We now are trying to submit the registration dossior for applying a generic chemical drug product. A stability study for under 20℃, 65% for 24 months has been conducted, and obtained a satisfied result. but we now would like to apply a 24 month-shelflife under recommened condition 2℃-8℃ due to commercial reason.
So, that is sound nt so reasonable. how could we do that ?
Without stability data at 2°C-8°C or suitable justification, most regulatory agencies will not accept a shelf life at 2°C-8°C based only on stability at under 20°C.
To apply for a 24-month shelf life under 2°C-8°C for your generic drug product, you would typically need to:
- Conduct a real-time stability study at 2°C-8°C for an adequate duration (ideally at least 12 months and preferably 24 months).
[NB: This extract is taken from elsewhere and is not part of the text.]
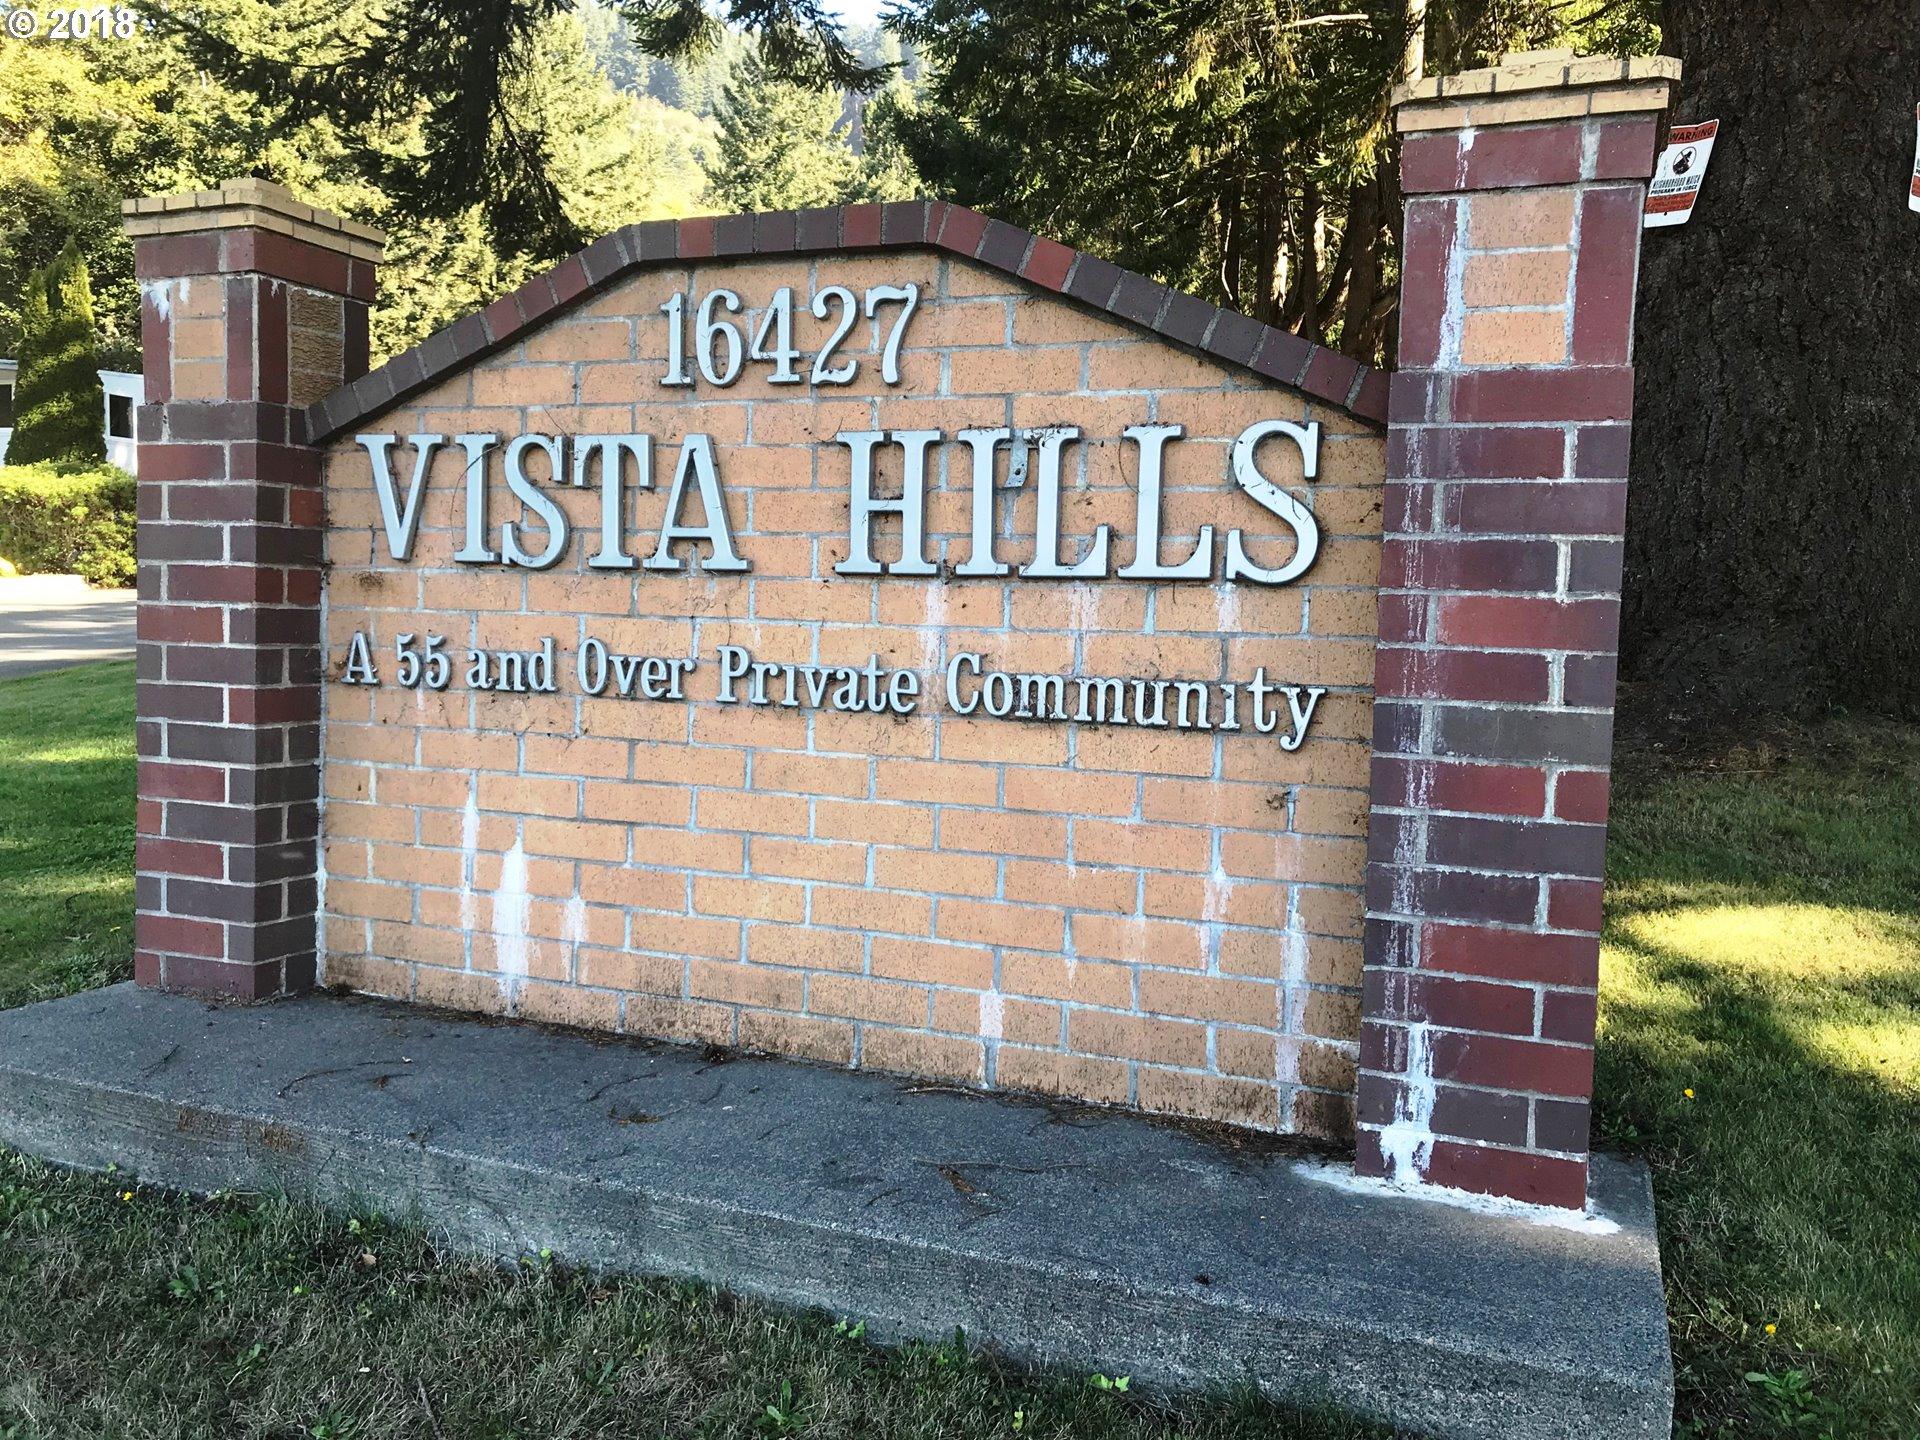 16427 VISTA HILLS DR Unit 3 Brookings, OR 97415 - MLS #: 18626381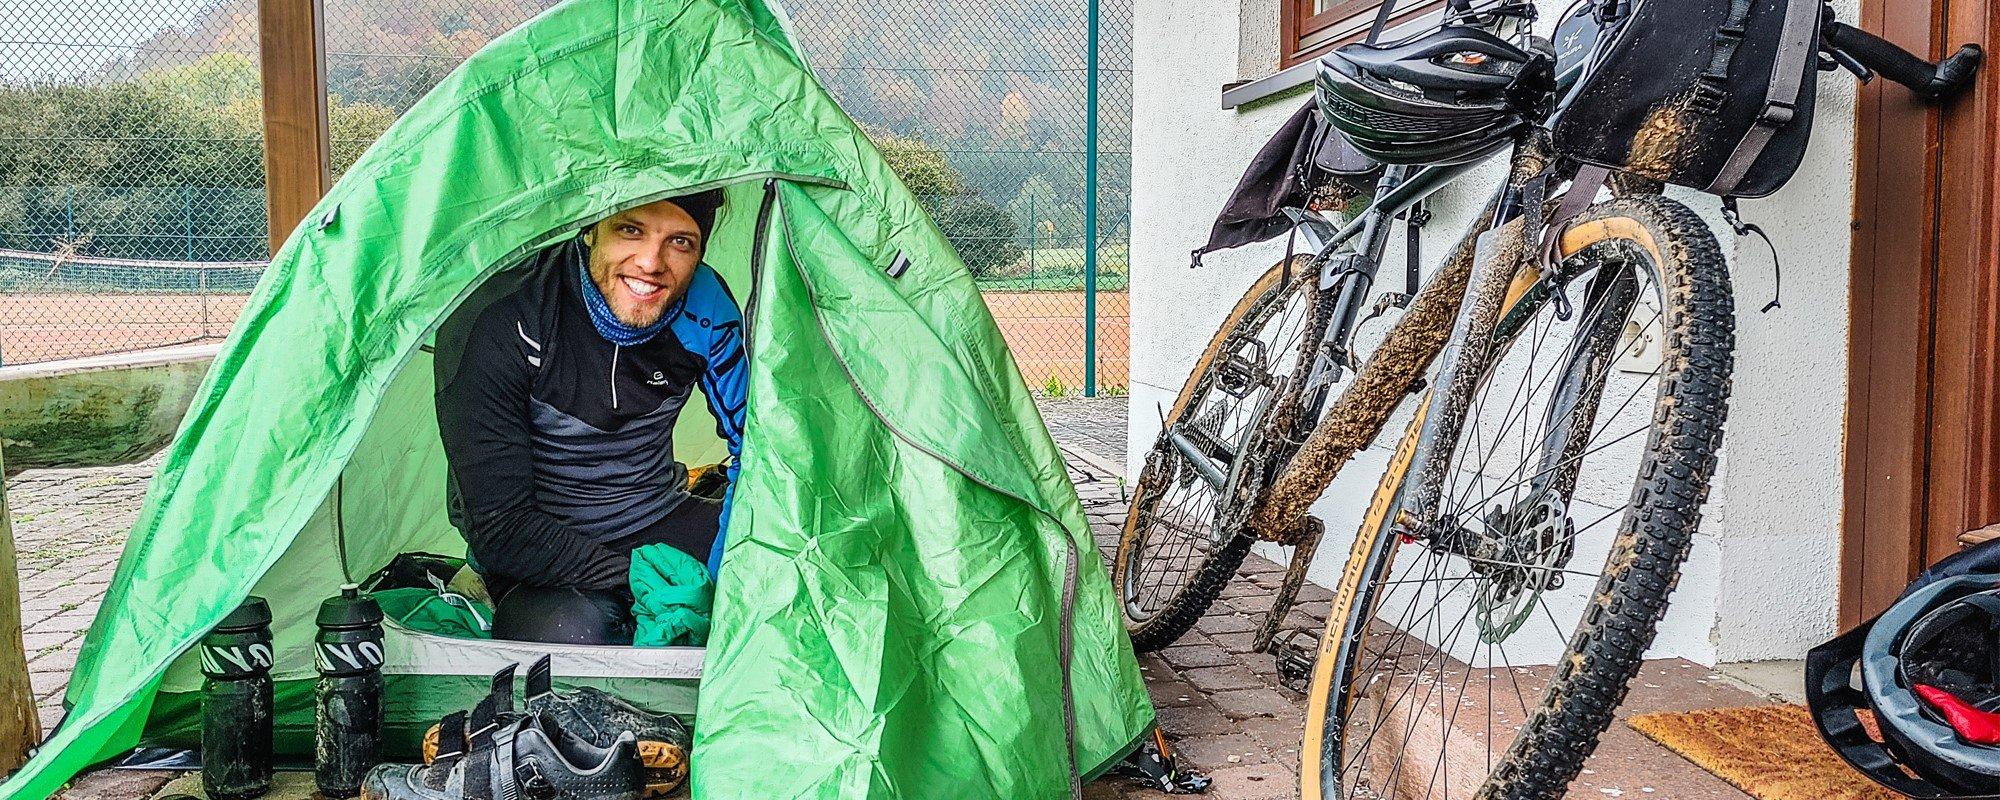 Ausrüstung für den Bikepacking Overnighter - Eine Nacht draußen Schlafen

- Alternatively, provide a strong scientific rationale or bridging data explaining why stability data at under 20°C can be extrapolated to 2°C-8°C storage. This could involve the following:
- Accelerated stability data and kinetic modeling under various temperature conditions.
- Demonstration that the drug degrades faster at higher temperatures (such as 20°C) so stability at 20°C implies stability at 2-8°C.
- Supporting evidence such as chemical, physical, and microbiological stability data at 2°C-8°C for a shorter period with justified extrapolation.